Every line below needs to be transcribed without alteration, and no image may be carried over.

### Given material
^^^^
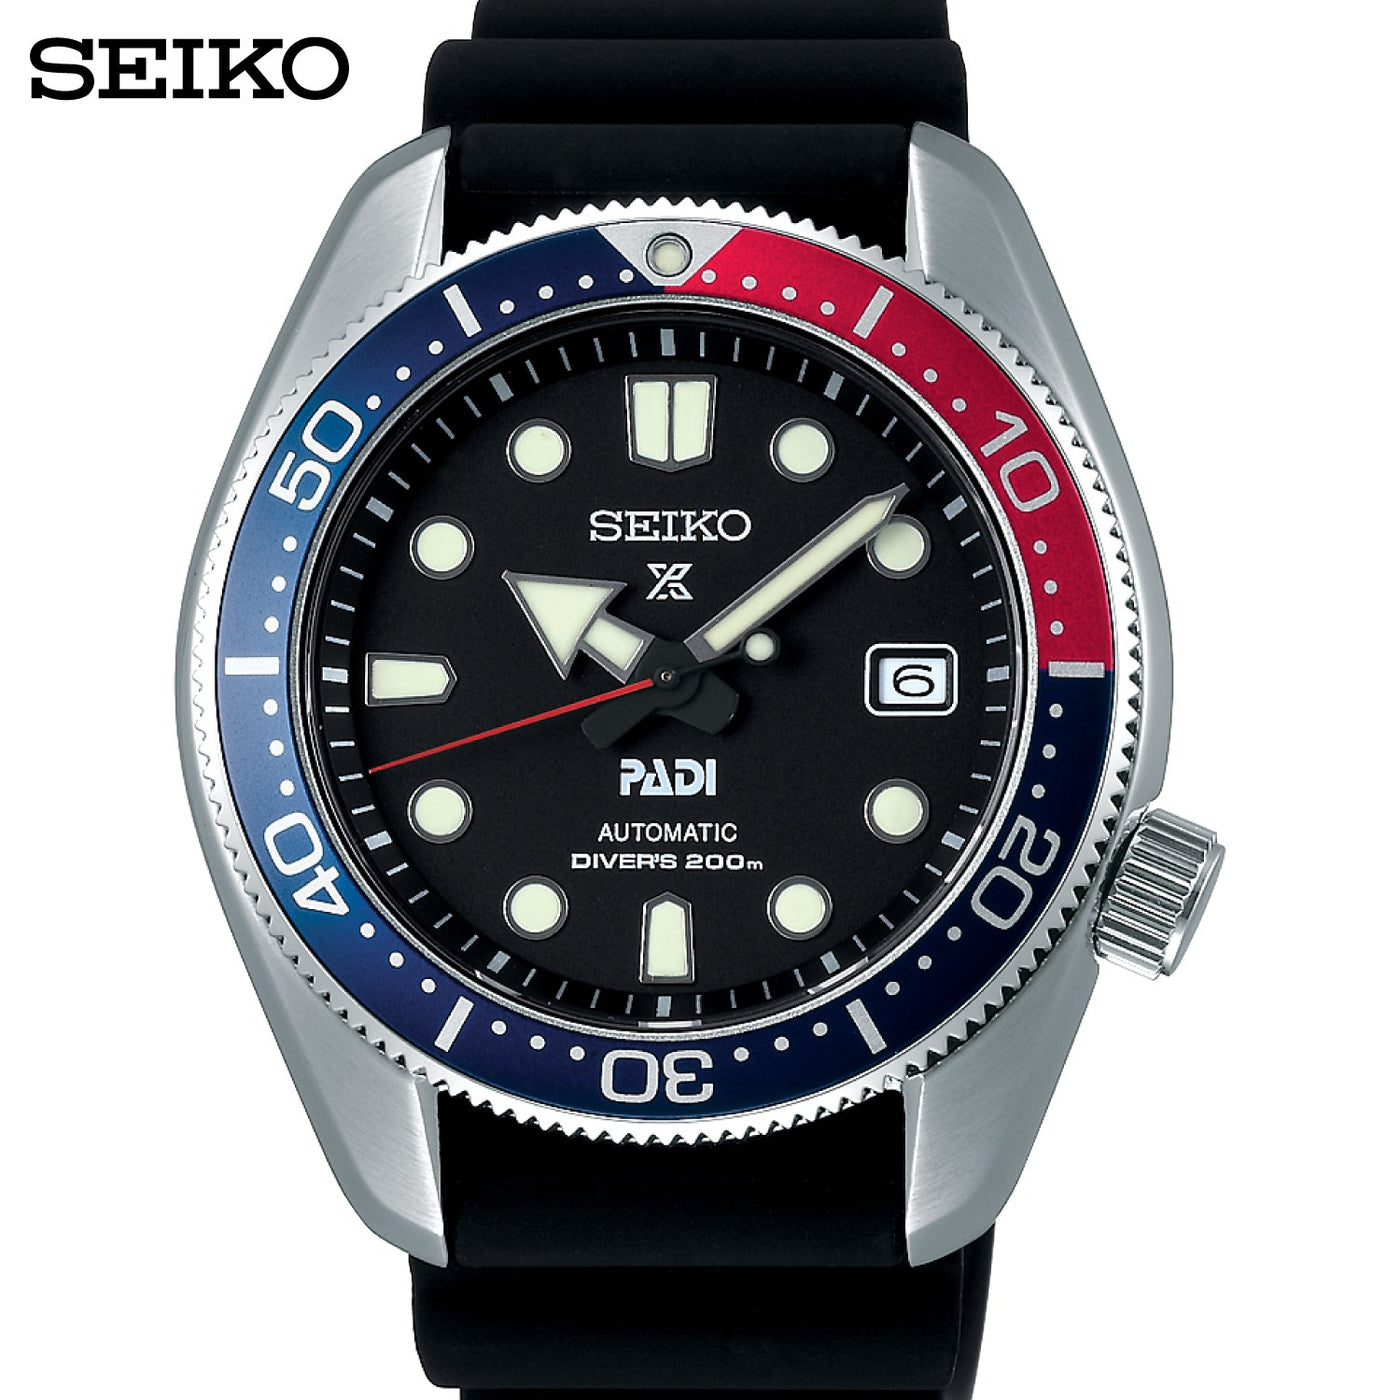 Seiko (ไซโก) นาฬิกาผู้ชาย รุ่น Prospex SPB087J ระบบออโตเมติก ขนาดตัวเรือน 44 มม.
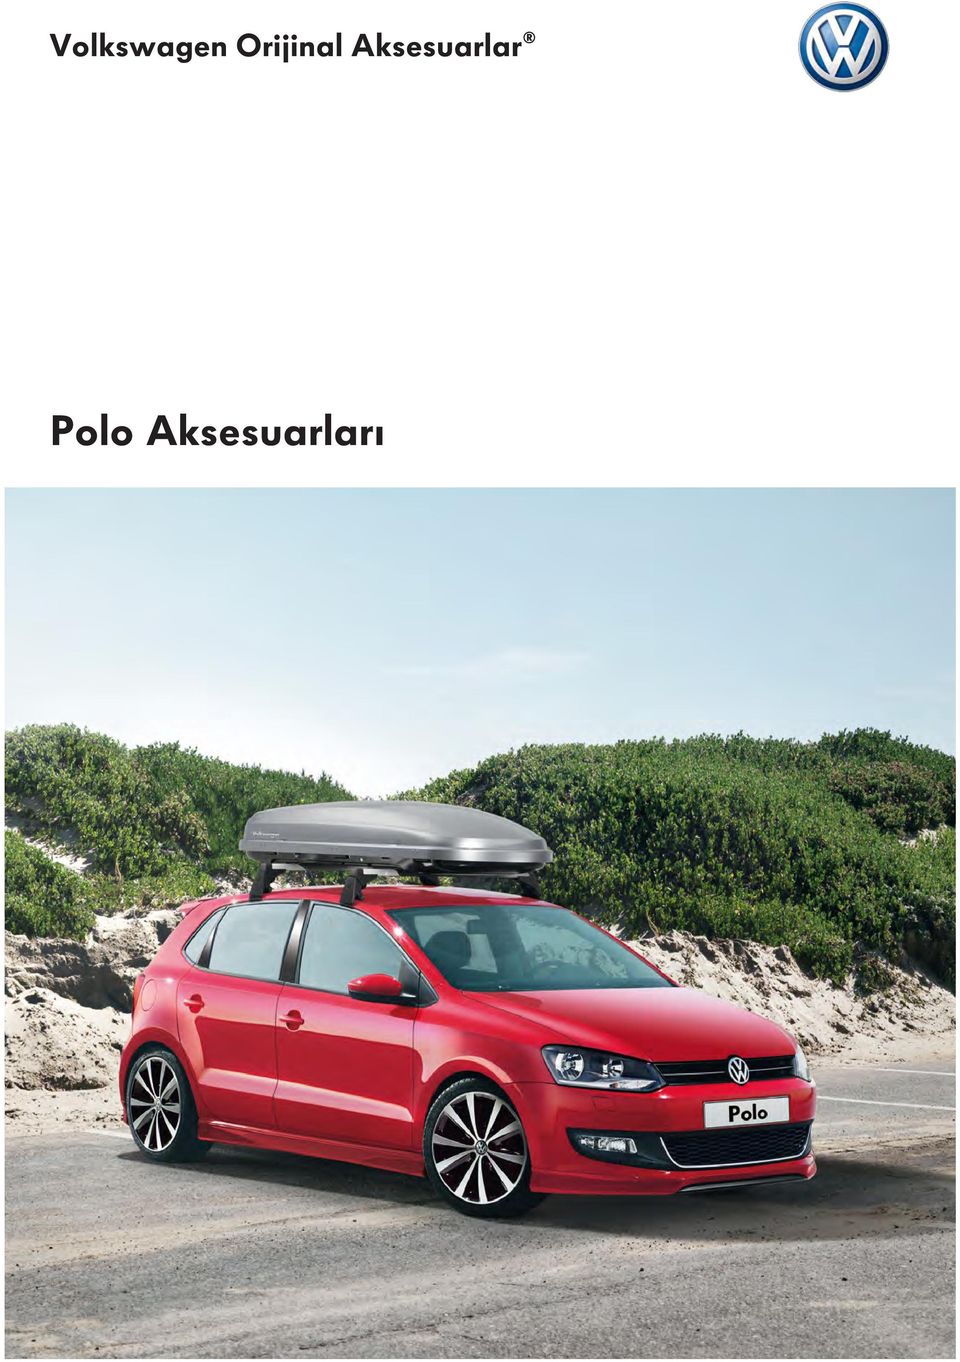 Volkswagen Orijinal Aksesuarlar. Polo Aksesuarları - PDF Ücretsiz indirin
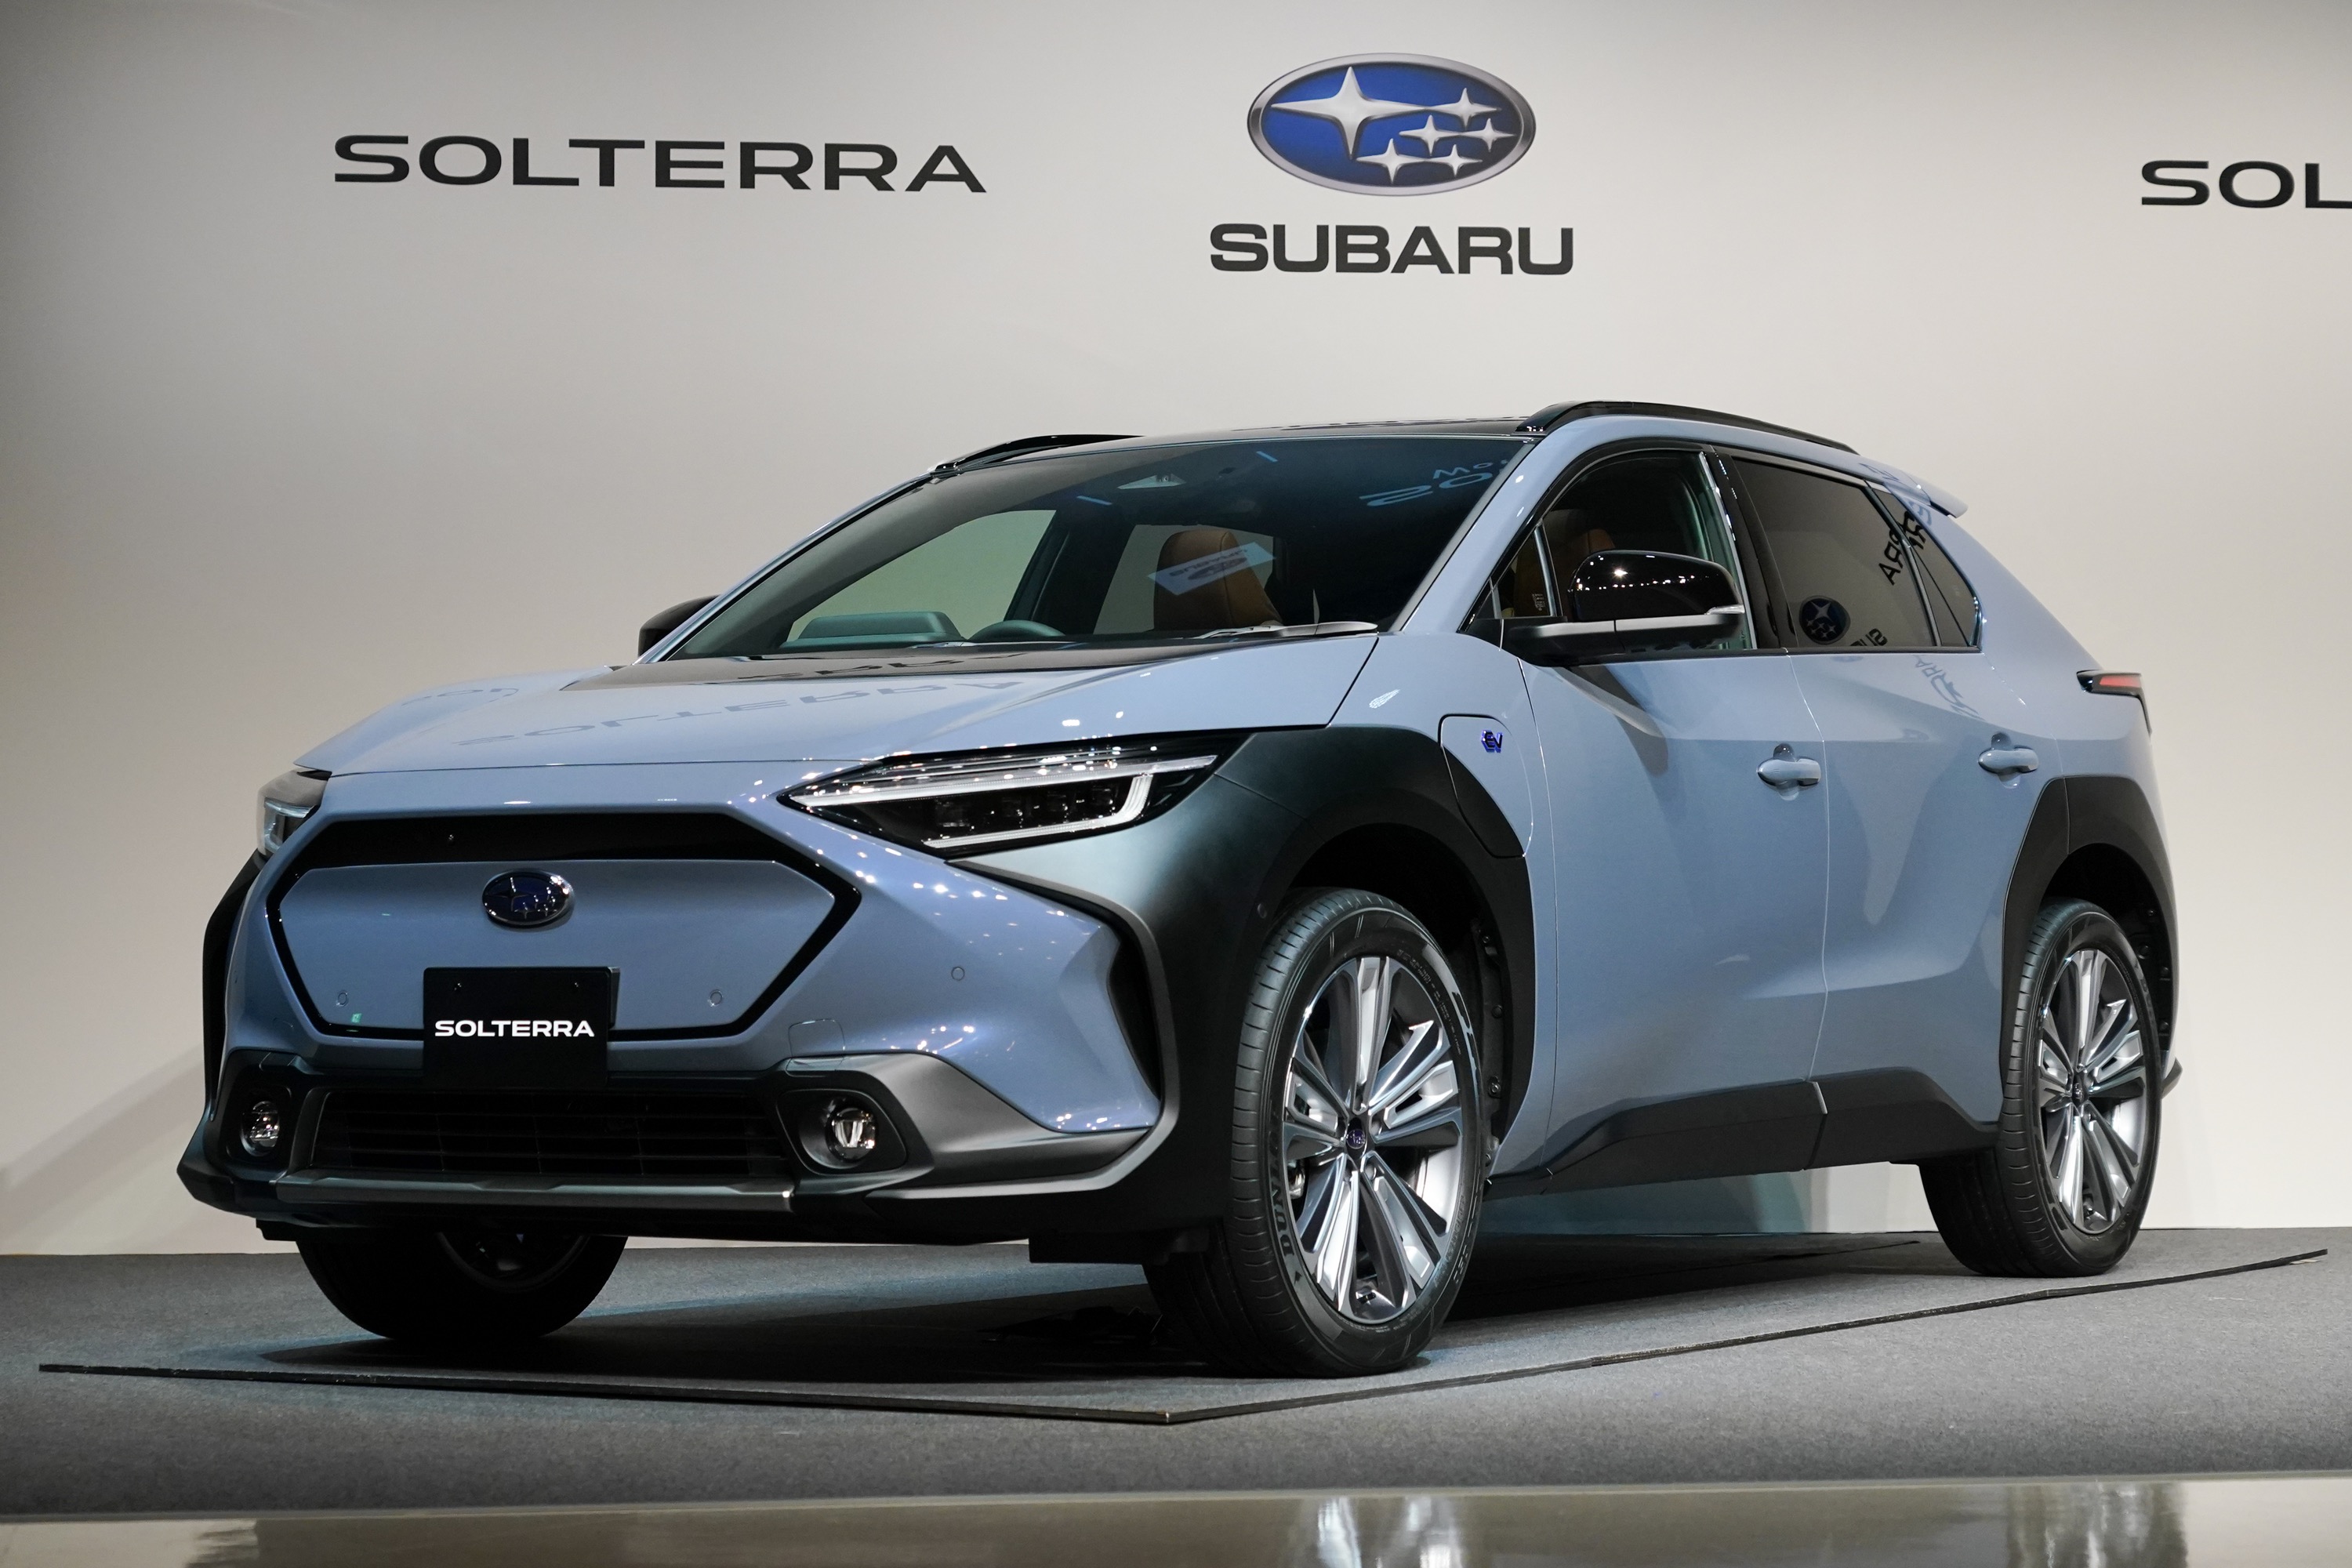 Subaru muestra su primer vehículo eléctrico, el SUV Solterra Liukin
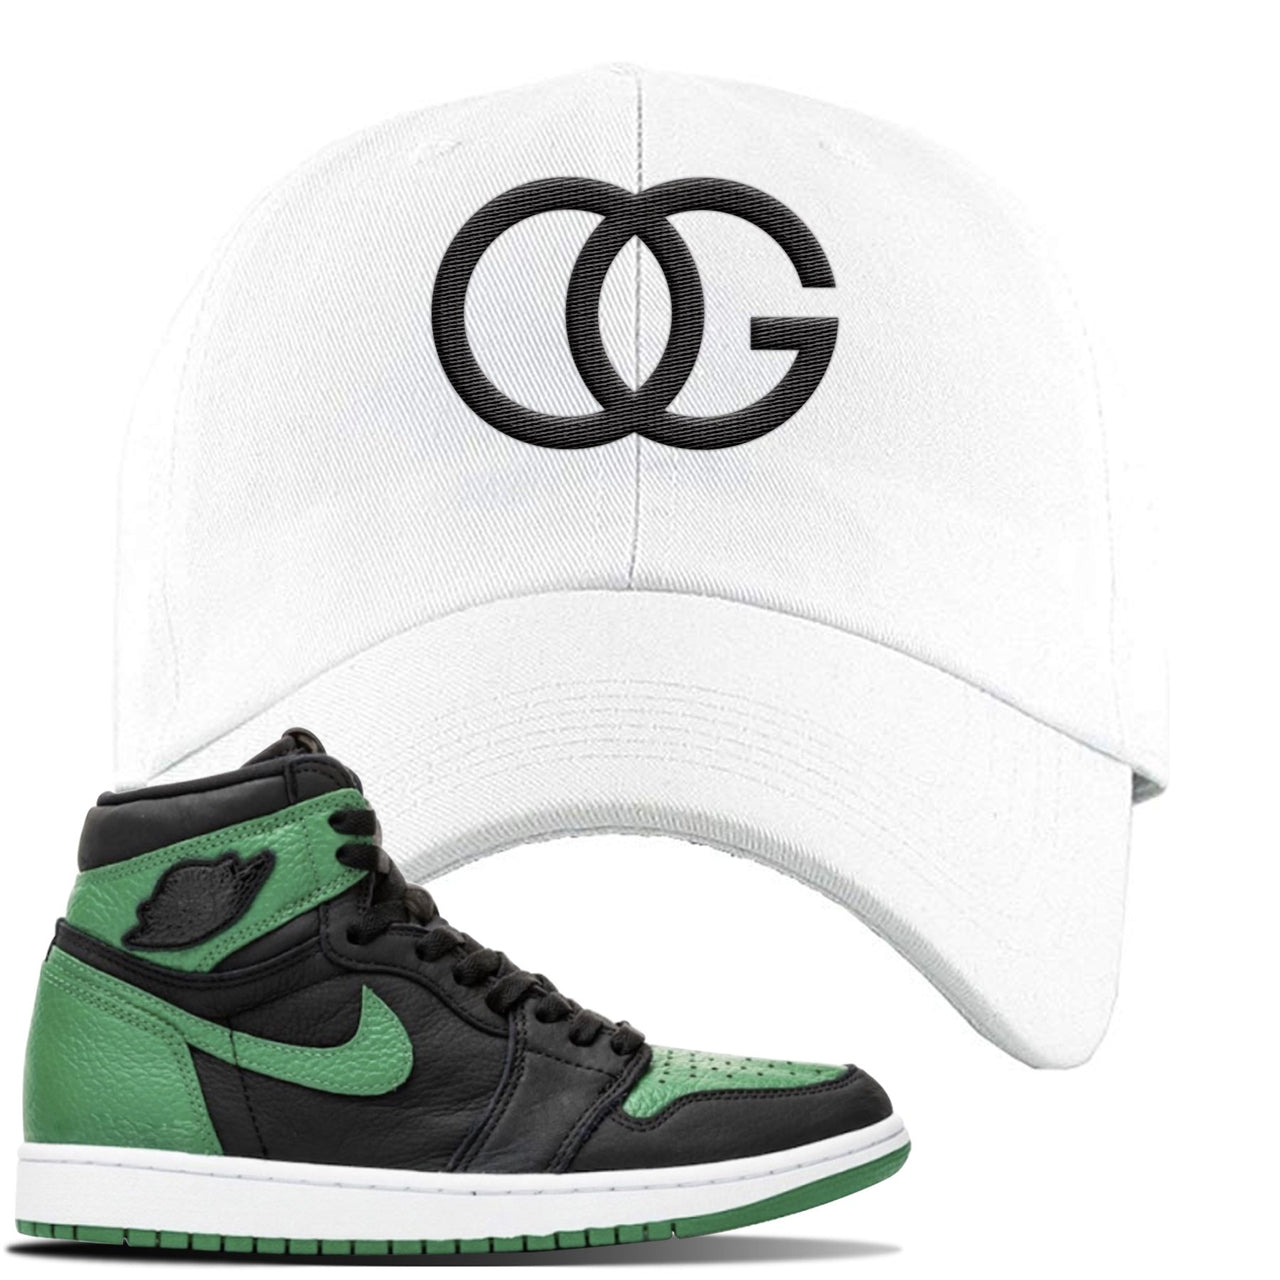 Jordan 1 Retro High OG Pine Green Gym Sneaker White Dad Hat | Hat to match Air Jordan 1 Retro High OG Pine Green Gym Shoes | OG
^^^^
### The answer
 Seiko (ไซโก) นาฬิกาผู้ชาย รุ่น Prospex SPB087J ระบบออโตเมติก ขนาดตัวเรือน 44 มม.
 Volkswagen Orijinal Aksesuarlar. Polo Aksesuarları - PDF Ücretsiz indirin
 Subaru muestra su primer vehículo eléctrico, el SUV Solterra Liukin
 Jordan 1 Retro High OG Pine Green Gym Sneaker White Dad Hat | Hat to match Air Jordan 1 Retro High OG Pine Green Gym Shoes | OG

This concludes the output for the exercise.